Task details: Everything from the line holding "Picasso or Humu" through the final line of the entries below is to be written out exactly, and nothing more; leave out pictures.

Dataset excerpts:
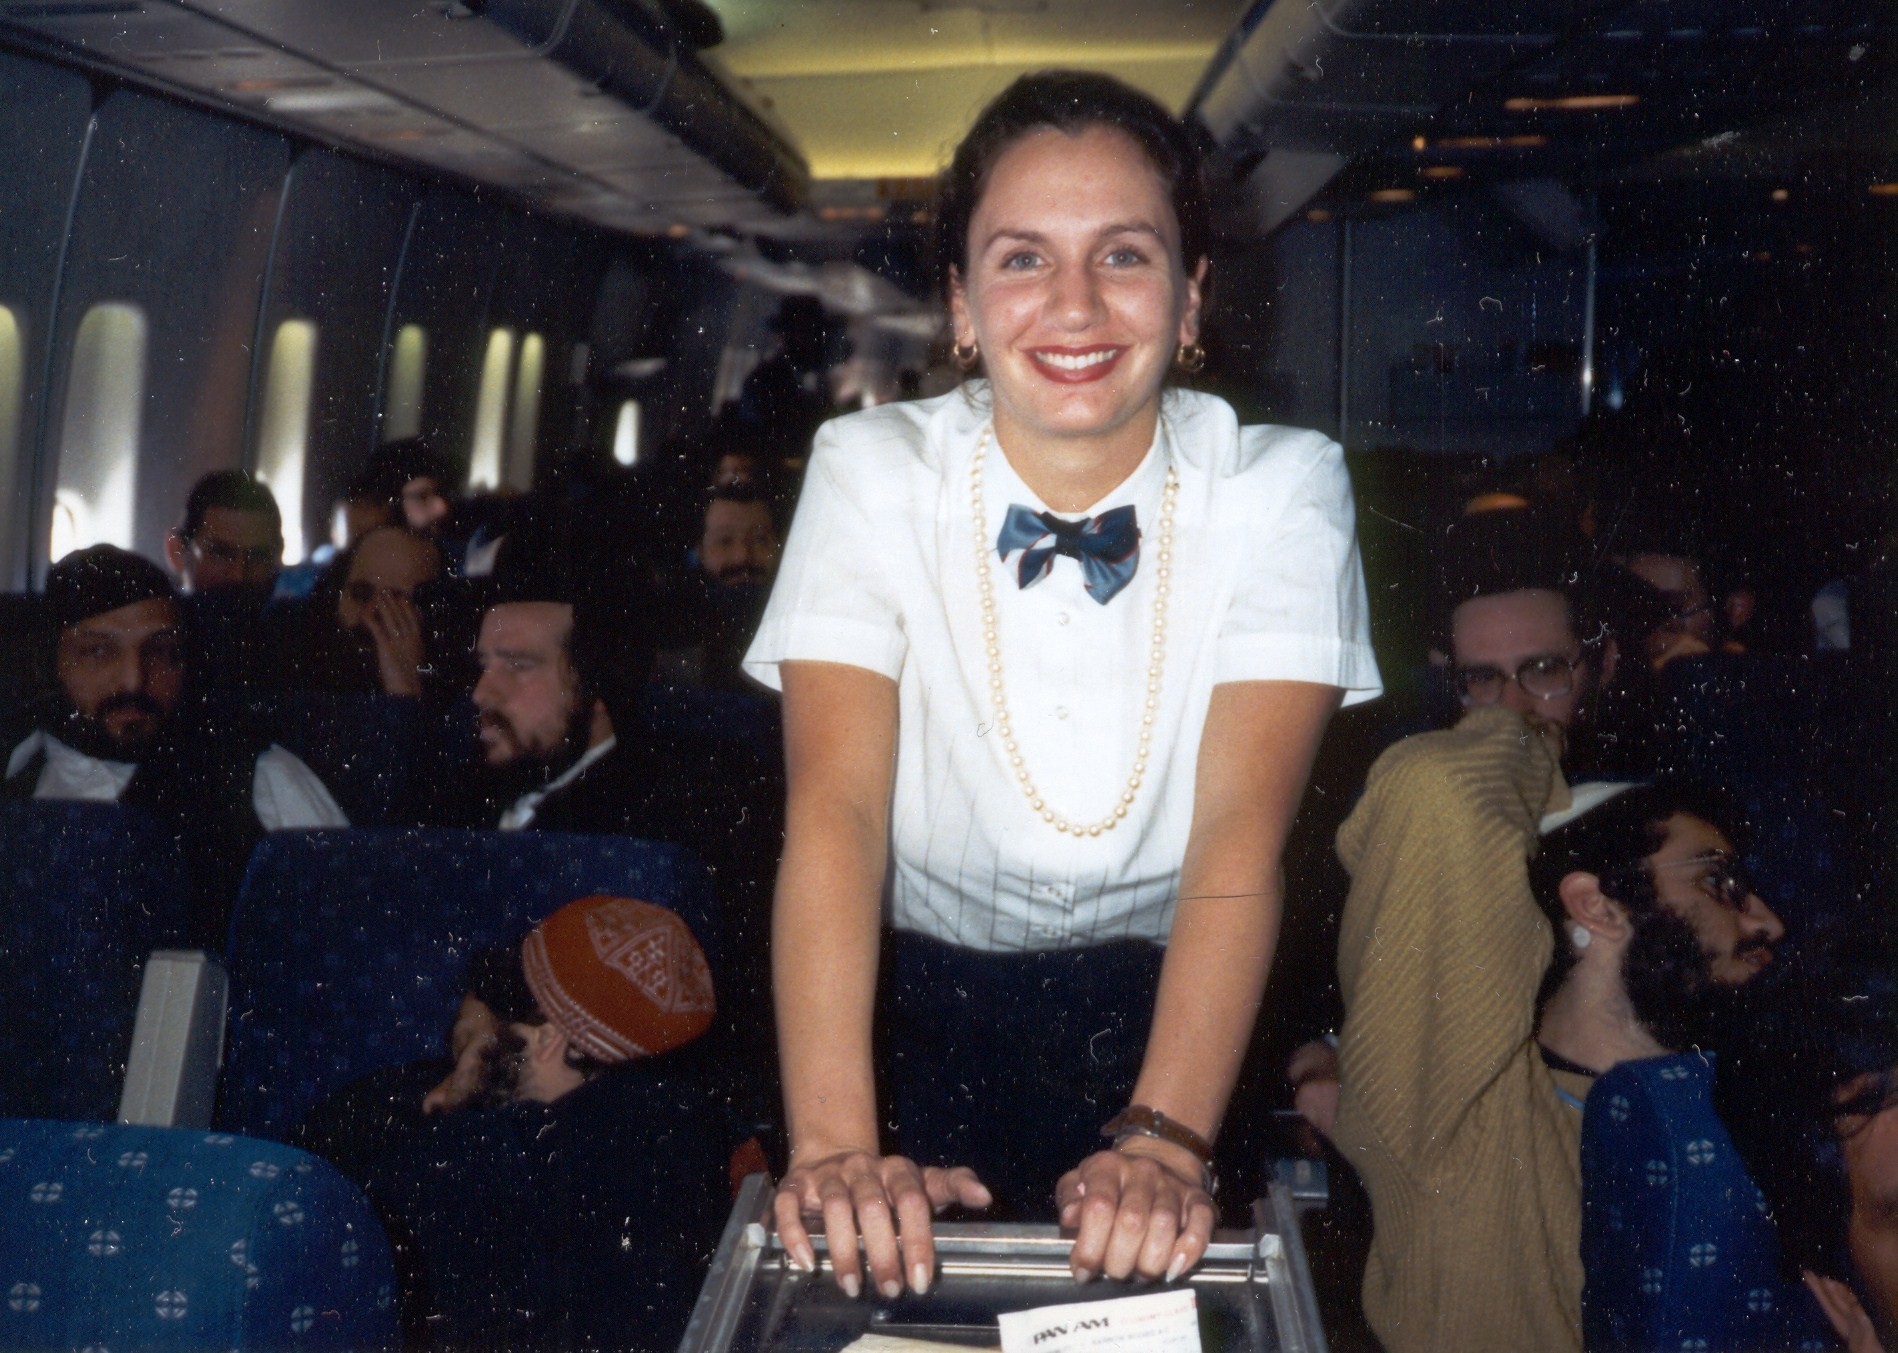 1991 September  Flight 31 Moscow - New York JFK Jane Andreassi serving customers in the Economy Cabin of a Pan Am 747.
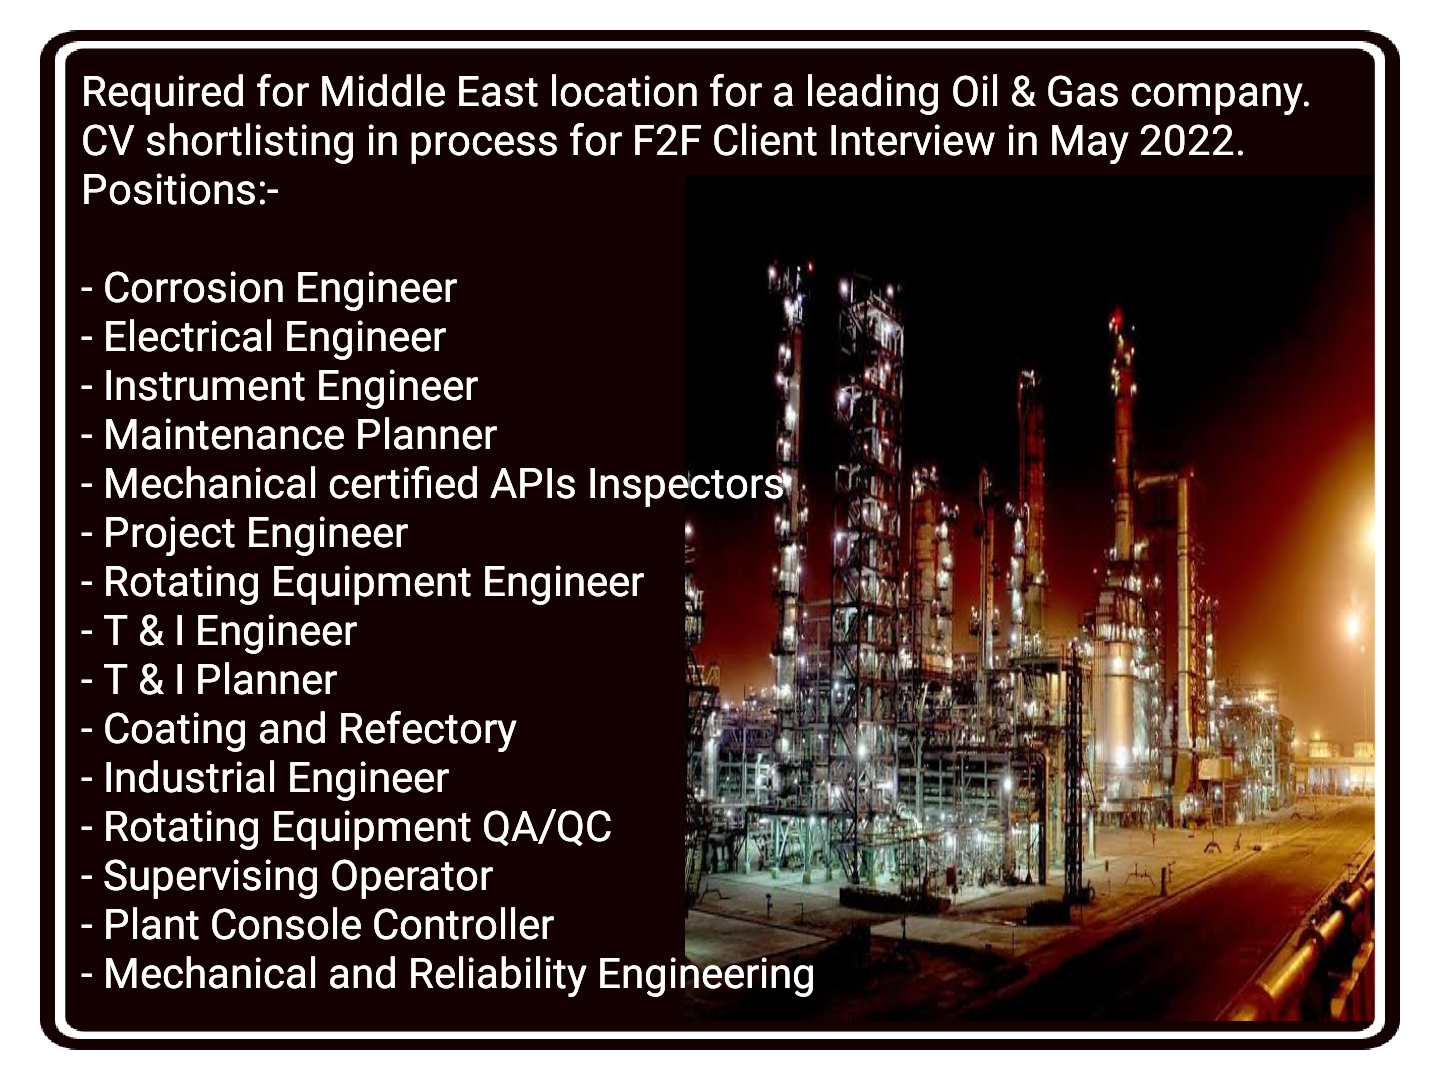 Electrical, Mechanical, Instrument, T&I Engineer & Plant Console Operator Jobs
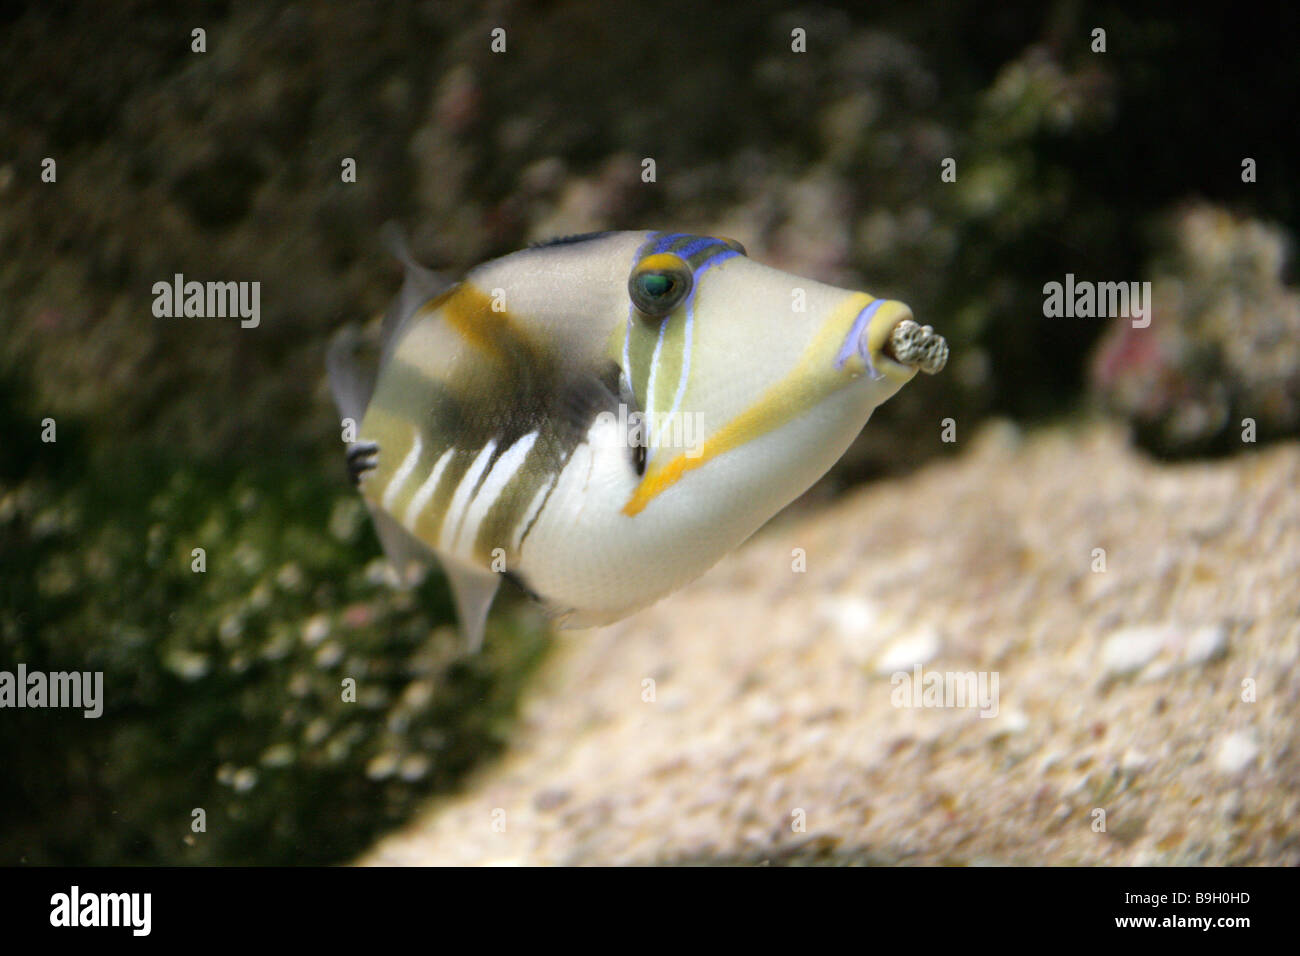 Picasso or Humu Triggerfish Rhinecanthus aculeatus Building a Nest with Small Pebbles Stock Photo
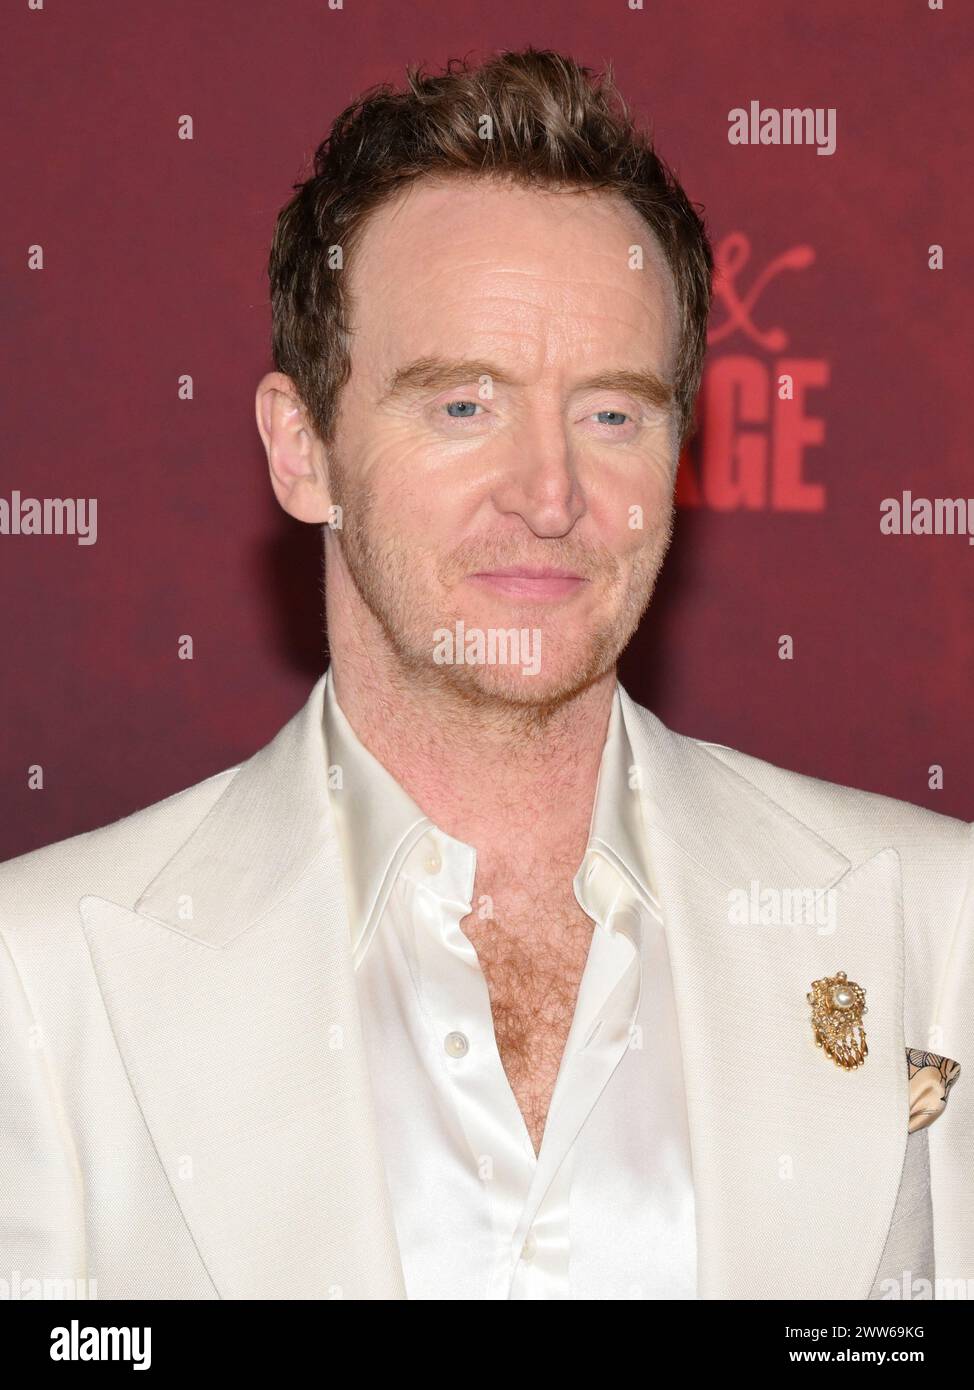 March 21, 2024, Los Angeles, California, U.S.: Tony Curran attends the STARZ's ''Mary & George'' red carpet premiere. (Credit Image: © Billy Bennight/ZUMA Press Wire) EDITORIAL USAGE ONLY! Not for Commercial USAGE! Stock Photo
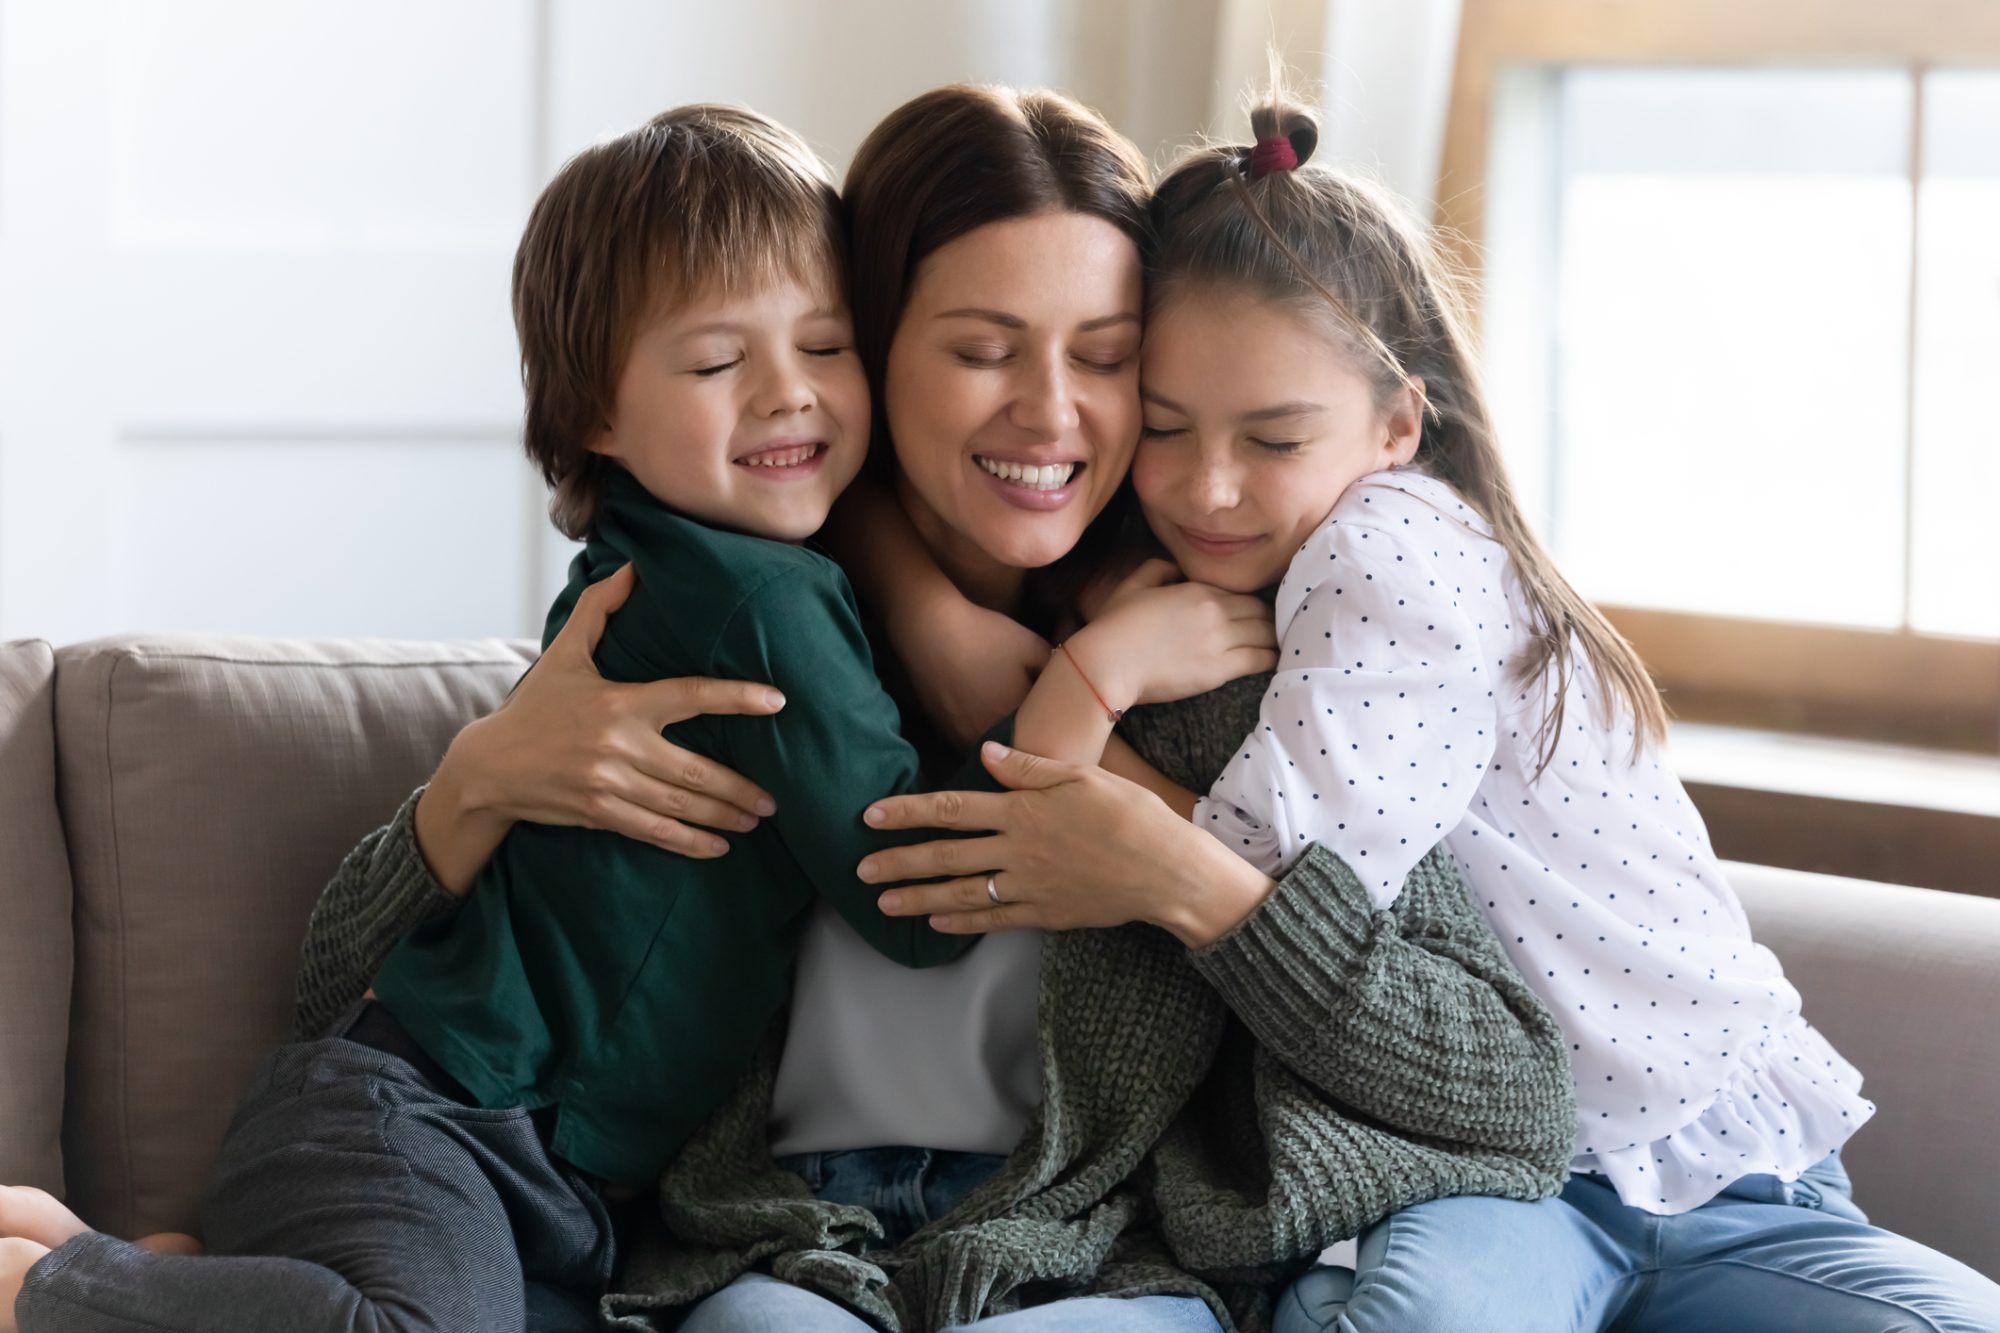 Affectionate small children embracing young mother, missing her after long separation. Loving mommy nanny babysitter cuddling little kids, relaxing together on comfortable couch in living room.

Task solution:
 Picasso or Humu Triggerfish Rhinecanthus aculeatus Building a Nest with Small Pebbles Stock Photo
 March 21, 2024, Los Angeles, California, U.S.: Tony Curran attends the STARZ's ''Mary & George'' red carpet premiere. (Credit Image: © Billy Bennight/ZUMA Press Wire) EDITORIAL USAGE ONLY! Not for Commercial USAGE! Stock Photo
 Affectionate small children embracing young mother, missing her after long separation. Loving mommy nanny babysitter cuddling little kids, relaxing together on comfortable couch in living room.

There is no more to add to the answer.